As far as fish, cod is served after being dipped in milk and baked.

A local second course dish without any meat or fish is brosega, which is made with tomatoes and scrambled eggs.


Alongside meals in Gubbio, one will find crescia al panaro, a savory type of focaccia bread. This delicious bread is typically served with local cold cuts, sliced meats, or friccò (stew) of lamb, duck, chicken, or rabbit.

While not a side in itself, truffle oil deserves a mention as it is a quintessential ingredient in many Umbrian dishes. This prized ingredient is often drizzled atop pastas and infuses just the right amount of truffle flavor into nearly anything.

Bandiera (Italian for flag) is a typical Umbrian side dish made with peppers, onions, and tomatoes. The ingredients are cut into strips and sauteed before being served.


Weekly fresh food markets and various food festivals throughout the year are the best way to enjoy food on the streets of Gubbio.

The city is home to the annual White Truffle Festival, an event dedicated to celebrating and showcasing the region’s most prized product – white truffles. The event features chefs and truffle experts from all across Italy as they showcase their recipes and products. Visitors to the fair can choose from a wide array of restaurants and booths to enjoy truffle-focused food.

Gubbio features a variety of other festivals as well, including a specific festival dedicated to the best street food of the area.


Many of the region’s desserts, including those served in Gubbio, have traditional origins.

While traveling in Gubbio, one will find a variety of delectable cakes, crêpes, and more. The area offers traditional desserts such as cheesecake and pastries covered with chocolate or stuffed with caramel as well as more unique offerings such as poached pears.

The most traditional dessert served are ganascioni, crescent-shaped desserts that are filled with a mixture of cheese, eggs, cinnamon, and sugar.
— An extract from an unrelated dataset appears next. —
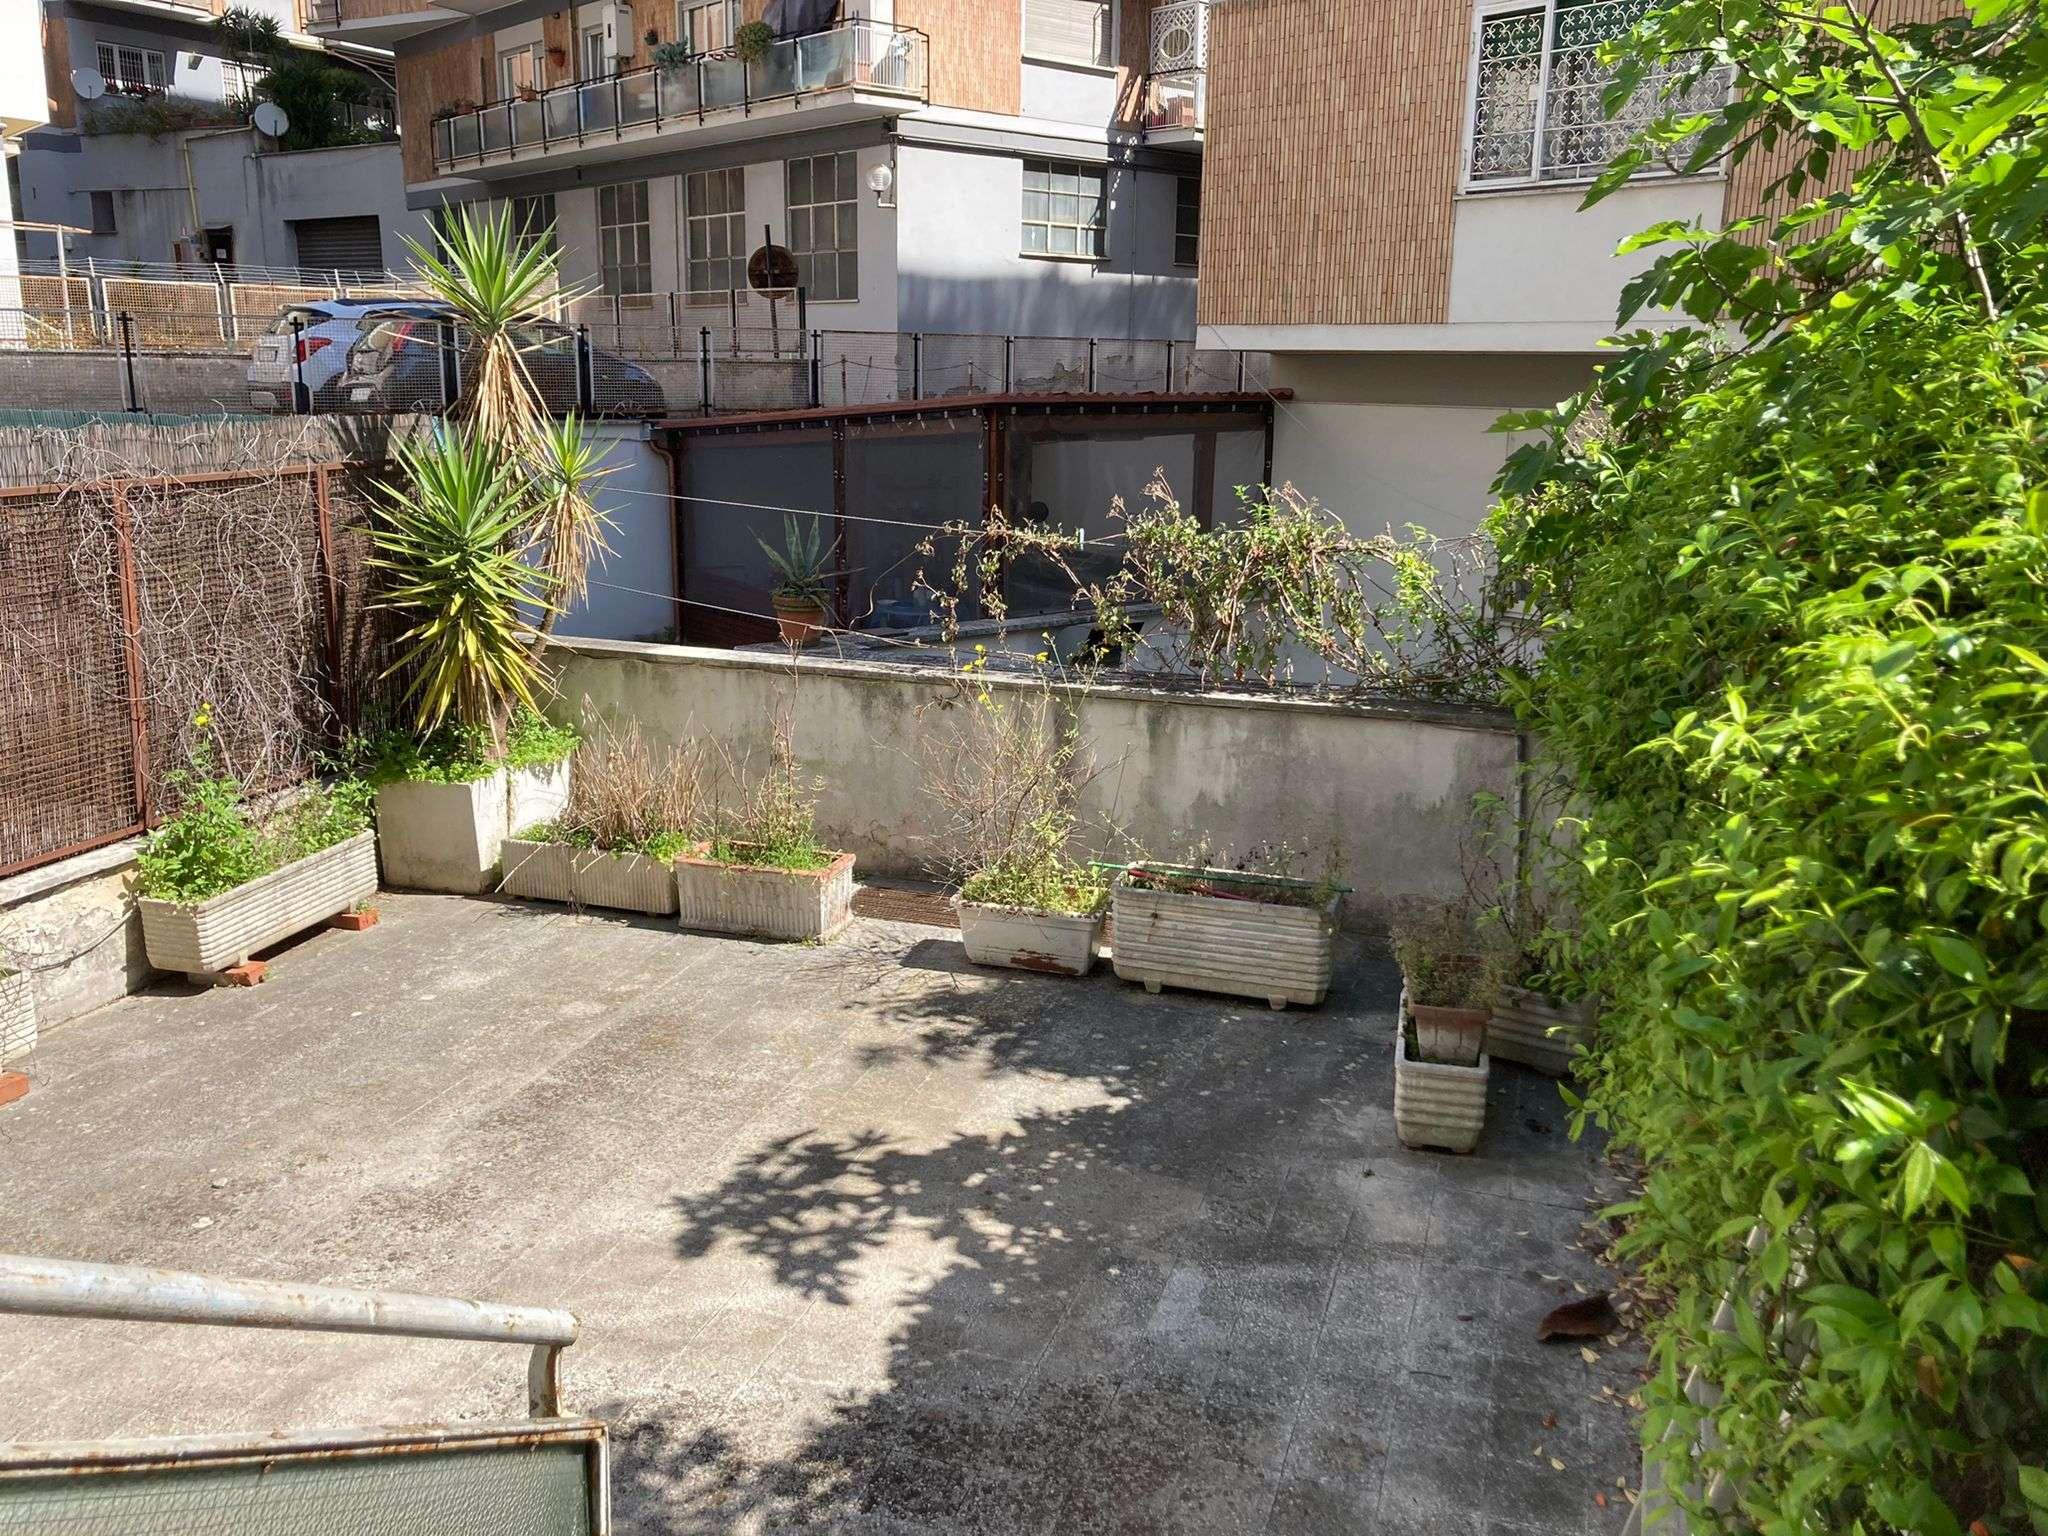 Appartamento in vendita a Roma, 2 locali, zona Zona: 3 . Trieste - Somalia - Salario, prezzo € 260.000 | CambioCasa.it

Many, though not all, of the desserts available in the area have roots in Christmastime, which is fitting considering the popularity of the Christmas events which are held throughout Gubbio during the holiday season.


Although Gubbio itself is not a major wine production area, travelers can still enjoy a variety of amazing wines, as the city is located in Umbria – one of the lesser-known but no less spectacular wine producing regions in the country.

In Umbria, there are so many undervalued and undiscovered wines to try, including clean, crisp whites as well as full-bodied, rich reds.

Some of the most notable reds include Rubesco Riserva and Sagrantino di Montefalco. In regards to white wine, Umbria’s most famous is by far Orvieto, a unique white that is offered in a few variations, including dry, semi-sweet, and sweet.

In addition to wine, travelers can enjoy birra alla spina, or draught beer, in quaint beer gardens.

Gubbio’s cuisine offers a perfect introduction to the food and wine of the Umbria region. After a day of admiring the city’s medieval architecture, enjoy a nice dinner of stringozzi, friccò, and crescia al panaro accompanied by a glass of Umbrian wine — it does not get much better than this!